I have already tried resetting the SMC and PRAM multiple times, which does not help. Also, I tried installing the rEFInd boot manager to see if it would work better. However, rEFInd is just as laggy as the default Startup Manager.

The only other person online to have the same problem posted this question: OSX Startup Manager (Boot drive selection screen) slow/un-responsive in Macbook Pro (early 2015)

Unlike that person, however, running diskutil verifyvolume on my EFI volume comes back with no errors. Likewise, diskutil repairvolume did not solve my problem. I have no idea what to try next.

3 Answers 3

1

I am an expert in this particular problem. We spent many man-hours trying to solve and replicate this problem as we have over 60 laptops affected and increasing every week. Also spent enough time at the genius bar to know what are capable and what they can do for us.

I wont go in to details, we tried many many things. But what we have noticed is, it doesnt occur to laptops that are upgraded to sierra and didnt had the problem already. Upgrading to sierra after you have this problem, wont fix. Other than that, we couldnt replicate it or fix it without part replacement.

We had all parts systematically replaced and replacing the IO board does the job.

UPDATE!! 10.12.4 firmware fixes it.

1

I am suffering from same issue since December.

This is a hardware error, unfortunately it is hard to prove it to apple care. They will try os reload, factory reset ... before they realize it is hardware error.

Same issue here, noticed it in FileVault, but then realized it is there even on Boot selection section or even Diagnosis section. Disabling FileVault won't solve the issue, it will just cover it up.

I wasted a lot of time with software sides of things, reinstalling OS and all. they all didn't help. It is a Hardware issue.

I realized I have this issue once I started using SD Card reader for storing my files and extending my 128gb MBP. If SD Cards goes in, even for 1 second, and then take it out, boot is going to be slow until I do a NVRAM reset. Apple care didn't find any issue first time but second time they admit there is a hardware issue in my Macbook and they replaced it. I will report back issue returned.

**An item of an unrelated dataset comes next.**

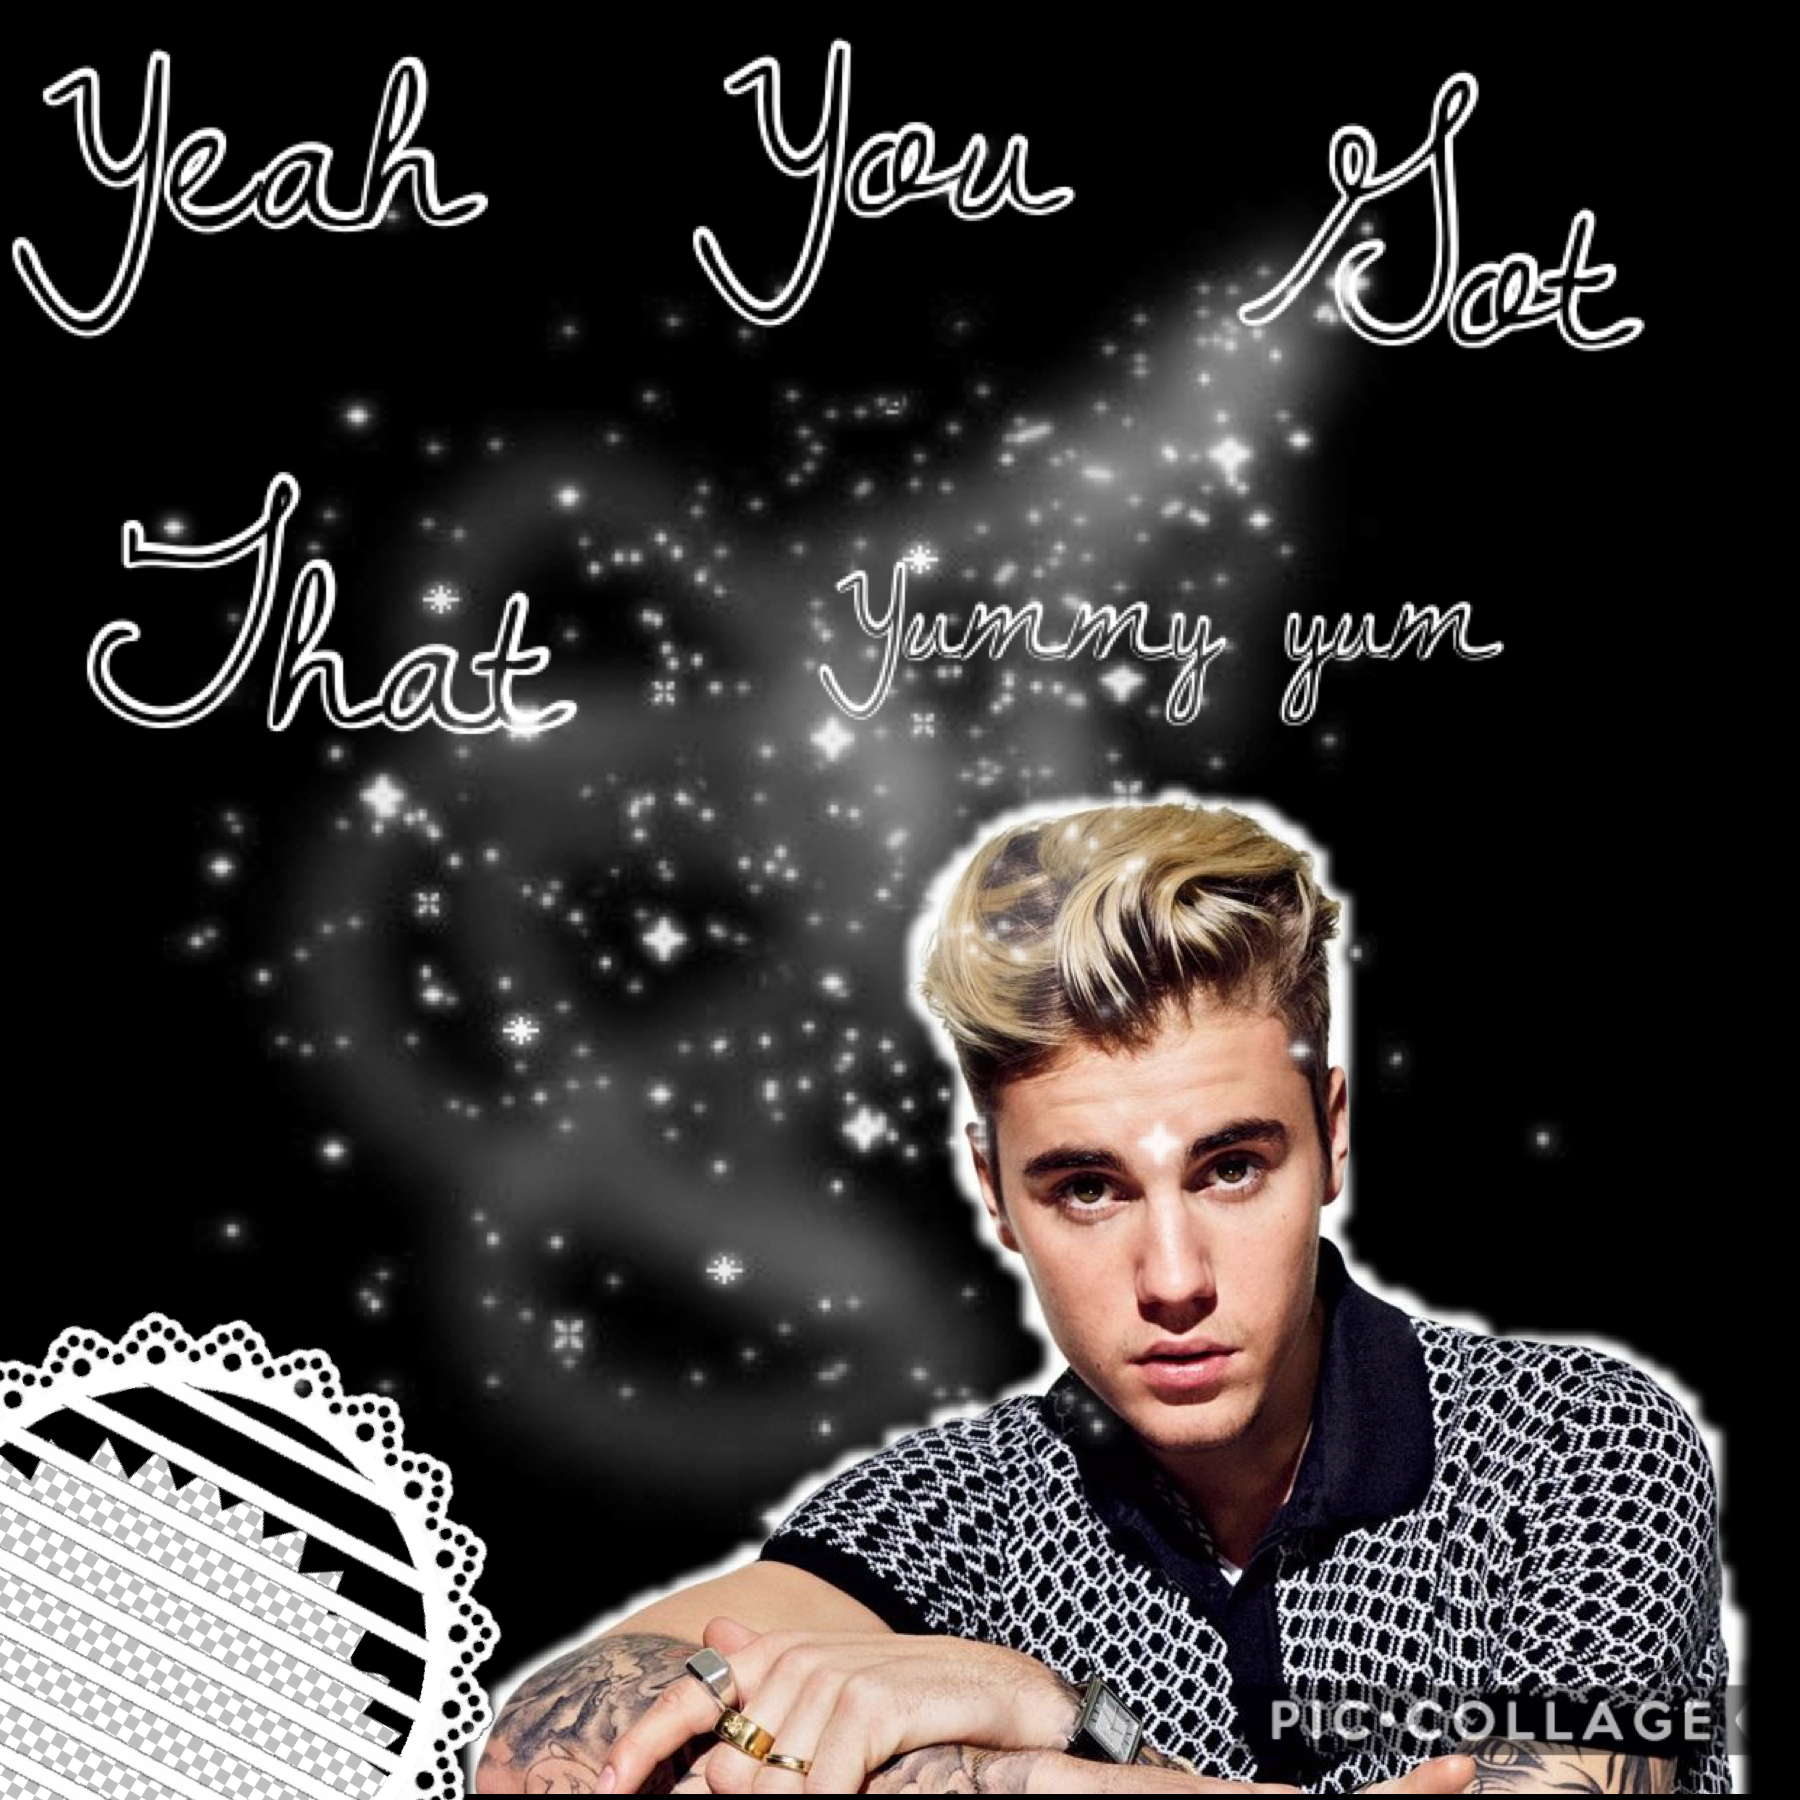 🖤 tap 🖤



Hope you like my jb collage

You need to bring it to Apple care, and describe the issue in detail. I had to print a A4 paper with a detailed description (told them issue happen when put in a sd card and then take it out) and screenshot of diagnosis page showing SD Card error in diagnosis boot page (because for some reasons, it was randomly showing that error and apparently when I give my Macbook for first repair, it passed test 100% successfully) Reception who receive my Macbook, she didn't really reflect things I told to her to technician. She even typed issue of my macbook as "Booth up slow", you get the idea.

There are many users like us. I guess there are many other users who have this issue but are not aware of it. they just think it is normal to wait 30 to 60 seconds for boot and they never use filevault or boot option menu. I have found some here, this are all from SAME underlying issue:

1
  • Today I've received my Macbook Pro 13inch 2015 back from Warranty and they have replaced I/O Board. Issue has been fixed. I was experiencing exact same issue and now it is gone. Commented Feb 22, 2017 at 1:05
-1

@laapsaap is right. I had the very same problem, and Sierra 10.12.4 solves it!

2
  • 1
    Welcome to Ask Different!. Please refrain from adding comments in an Answer. The preferred way of saying 'thanks' around here is by up-voting good questions and helpful answers (once you have enough reputation to do so), and by accepting the most helpful answer to any question you ask (which also gives you a small boost to your reputation. Please see the About page and also How to Answer.
    – fsb
    Commented Apr 14, 2017 at 20:47
  • Well, that wasn't a thank you message. I wanted to confirm that that version of MacOS does solve the issue. I believe that reproducing something and communicate it is important for other people to judge whether something is true. A simple vote is not as informative, since it doesn't clarify the reason why it was given.
    – solitone
    Commented Apr 15, 2017 at 5:20

You must log in to answer this question.

Not the answer you're looking for? Browse other questions tagged .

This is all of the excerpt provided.